Ангелина, войдя, посмотрела на портрет и прижала руку к сердцу.
- Кто это рисовал? – Кирилл кивнул на картину.
- Мать Мария или кто-то из ее учеников.
- А...
- Это спальня. – Ангелина явно не горела желанием обсуждать с Кириллом вопросы искусства. Она распахнула дверь в другую комнату. – Душевая и туалет на улице, во дворе. Здесь полотенца и рубашки, – положила на одну из двух стоящих в комнате кроватей аккуратную стопку. – Мы просим вас одеться. У нас считается непристойным оголять тела.
- Охренеть житуха, - восхитился Джек. – А чего не все в колпаках ходите, как пахан? Чтобы уж вовсе мужиков от баб не отличать?
Ангелина кротко улыбнулась. Она смотрела по-прежнему на Кирилла, Джека будто не замечала.
- Э-э-э, - глубокомысленно выдавил Кирилл. До сих пор ему не приходило в голову, что руки, выглядывающие из рукавов майки, можно приравнять к непристойному оголению. – Хорошо, мы оденемся.
- Скоро вам принесут пищу, - пообещала Ангелина. И ушла.

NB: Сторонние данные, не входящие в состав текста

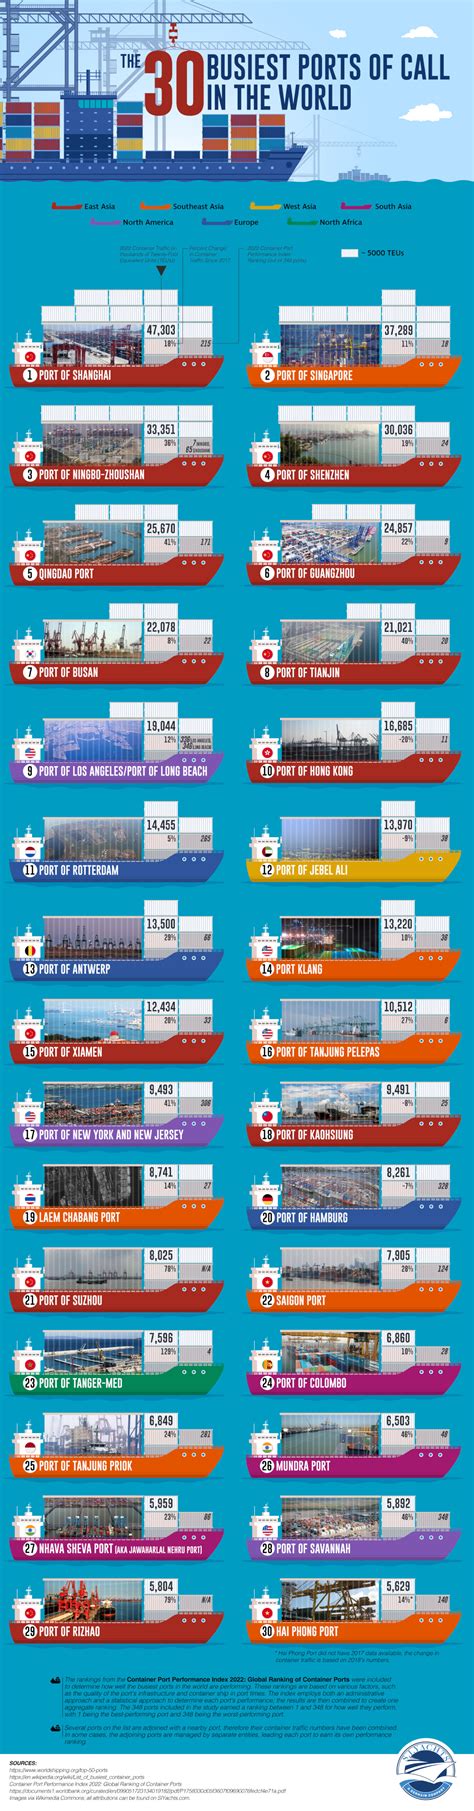 The 30 Busiest Ports Of Call In The World
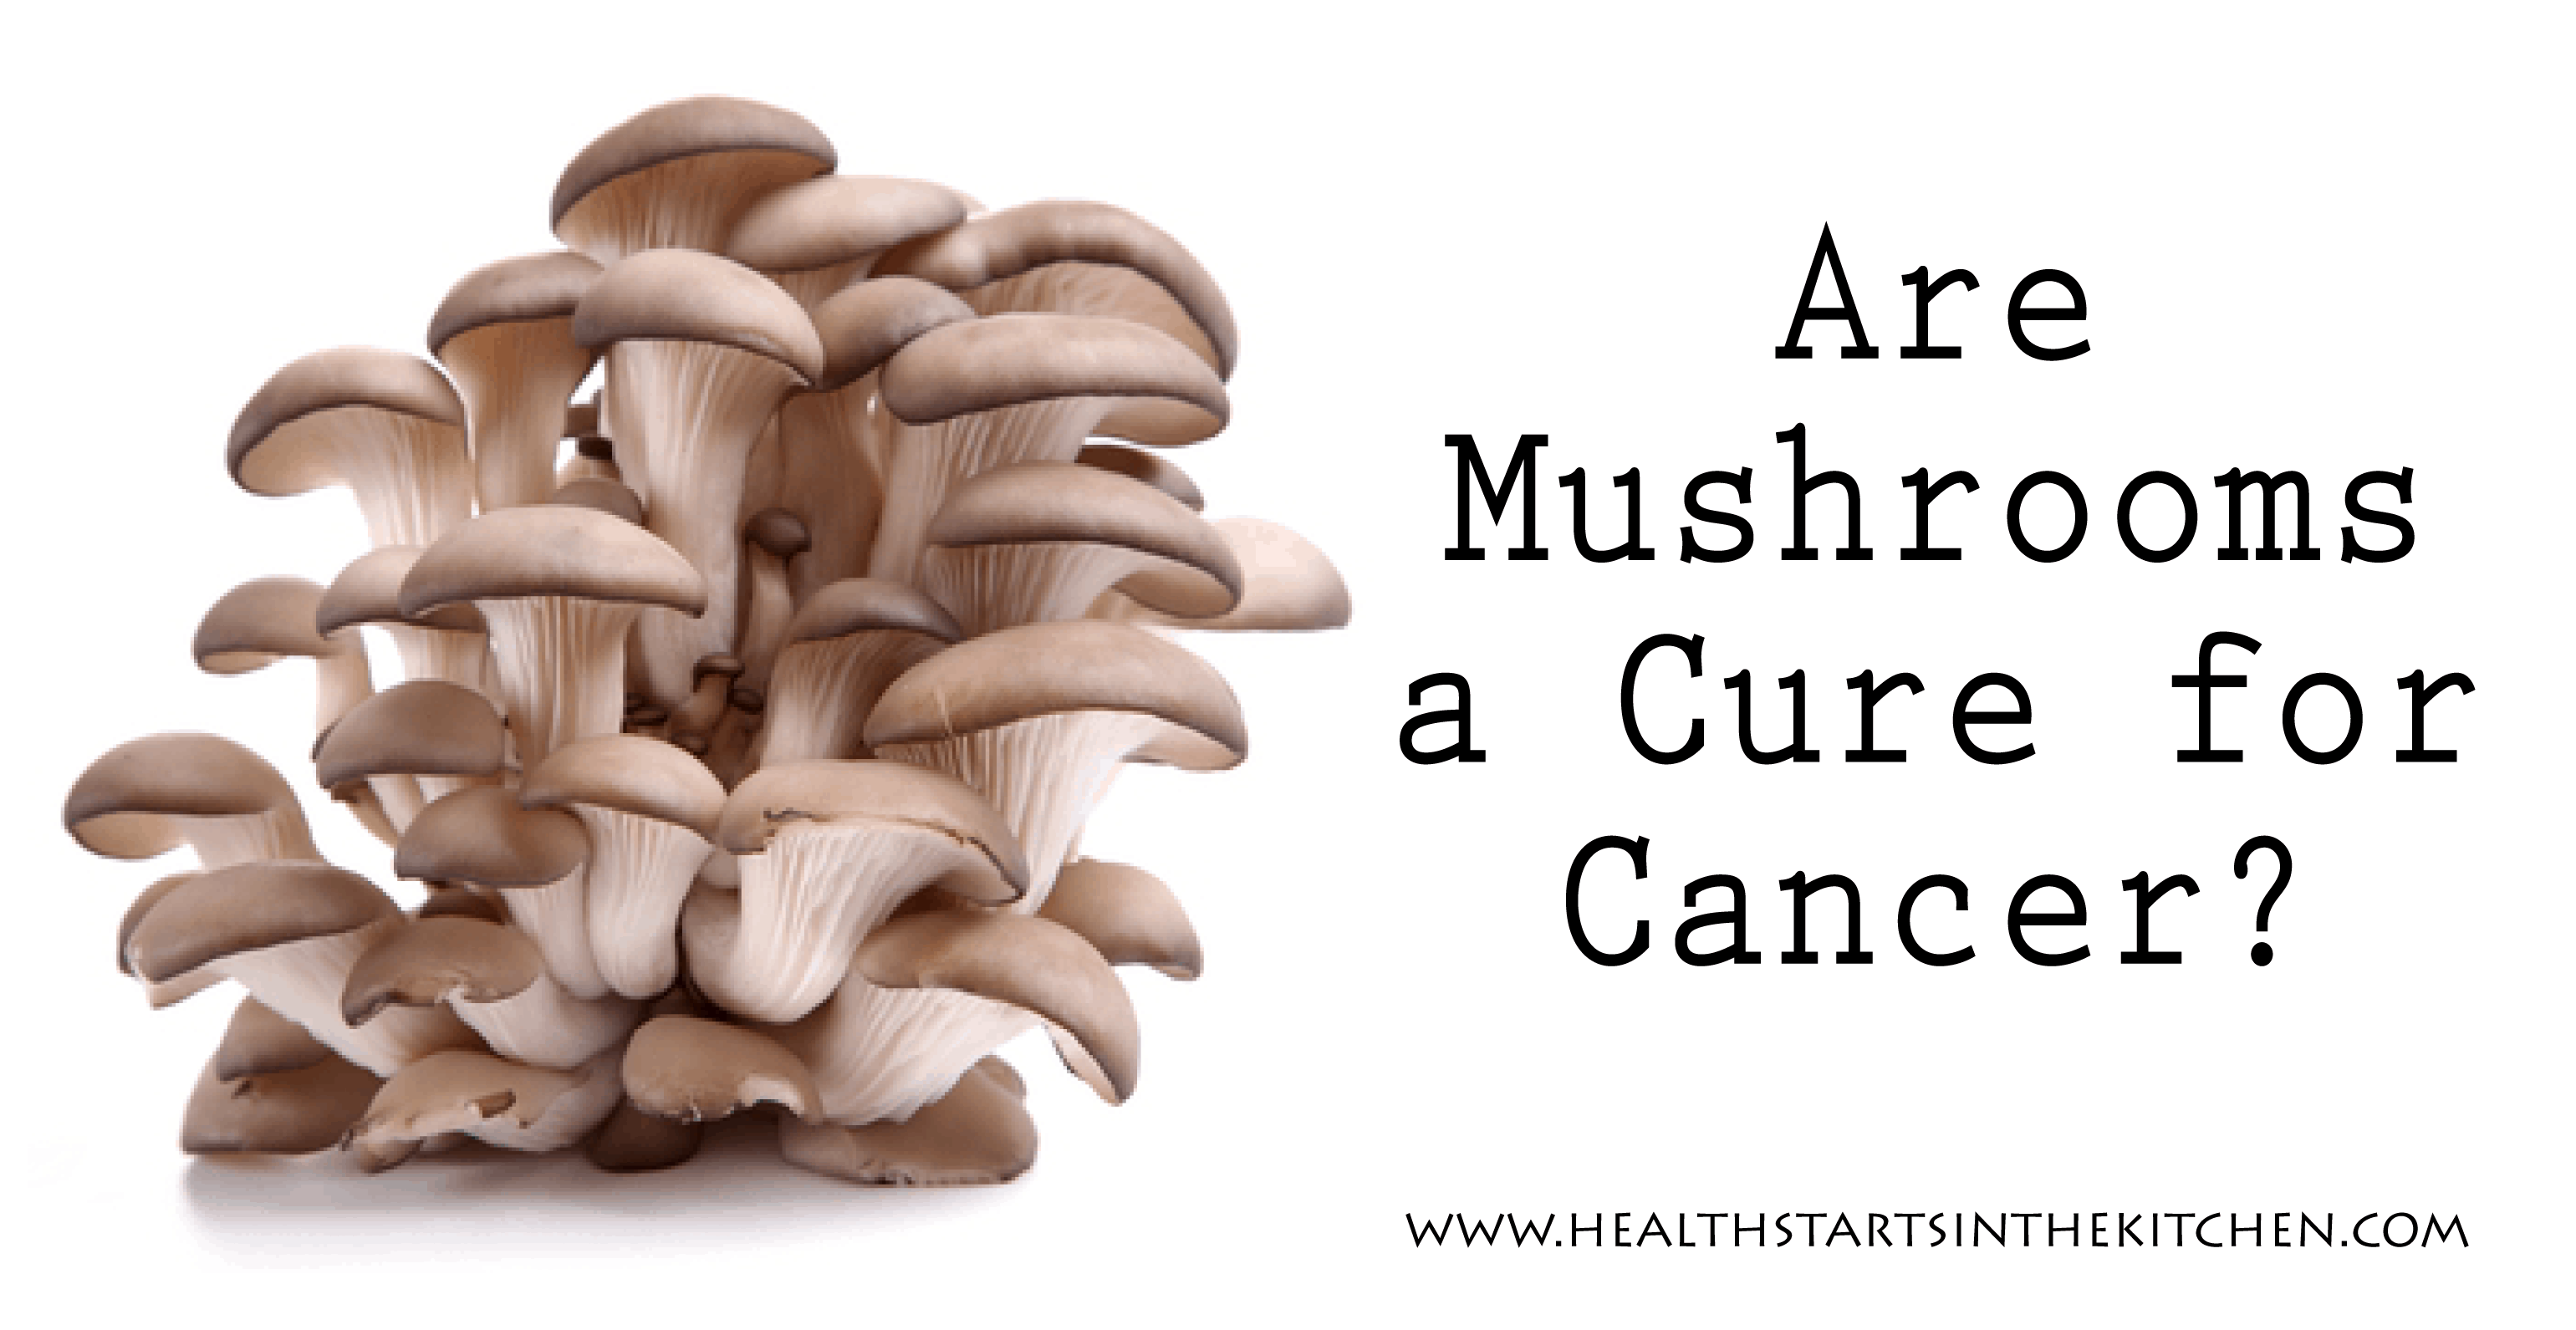 Could Mushrooms Aid in the Treatment of Cancer?

- Пищу, понял? – плюхаясь на кровать, бросил Джек. – Не обед, не еду – пищу!
Кирилл пожал плечами:
- Привыкай. – Тоже сел на кровать. - Тридцать лет – долгий срок, я читал, что смена поколений происходит через двадцать. В здешних местах жизнь развивалась по своим законам. Попади эти люди к нам, тоже бы удивились.
- Мы хотя бы по Матери Доброты не загоняемся!
- Мы – это мы. А вспомни, что в Киржаче творится?
- Да сколько их там осталось, в Киржаче? Того гляди, последние помрут.
- То-то и оно. Там того гляди помрут, а здесь у людей есть возможность продолжать род.
- Во-от, - поднял палец Джек. – Эта песня хороша, начинай сначала! Откуда возможность? Не реально же Мать Доброты детьми отоваривает?
Кирилл развел руками:
- Я знаю не больше твоего. Надеюсь, этот Шаман прояснит, наконец, ситуацию... Кстати. Не говори, что не прислушивался. Как он, что?
Джек поморщился:
- Как медом обожрался.
- В смысле?
- Да я раз облопался по детству – в Пекше, на пасеке. Во рту сладко, в брюхе сладко, в глазах – и то кажется, что сладко! Вот Шаман, он вроде того меда. И плохого ничего – и вязнешь так, что не выпутаться. Да ты неужто сам не чувствовал? Пока он рядом был?
Кирилл задумался.
- Н-ну... Я спокойствие чувствовал. Защищенность. Как будто на перину уложили и колыбельную поют... Но я это с общей атмосферой связывал. Хорошо у них тут.
Джек кивнул:
- Хорошо. Особенно после того, как по камням ноги бил. Может, это и не Шаман, конечно. Может, глюки у меня с устатку... Ладно, бункерный. – Он встал. - Пойду погляжу, что у них там с душевыми.
***
Обед принесла женщина, внешне напоминающая Ангелину - в таком же платье и косынке, – но характером разительно отличающаяся от строгой спутницы Шамана. Она назвалась Марией. Смешливая, подвижная, ловко выгрузила из плетеной кошелки принесенную снедь. Достала из буфета и принялась расставлять на столе приборы.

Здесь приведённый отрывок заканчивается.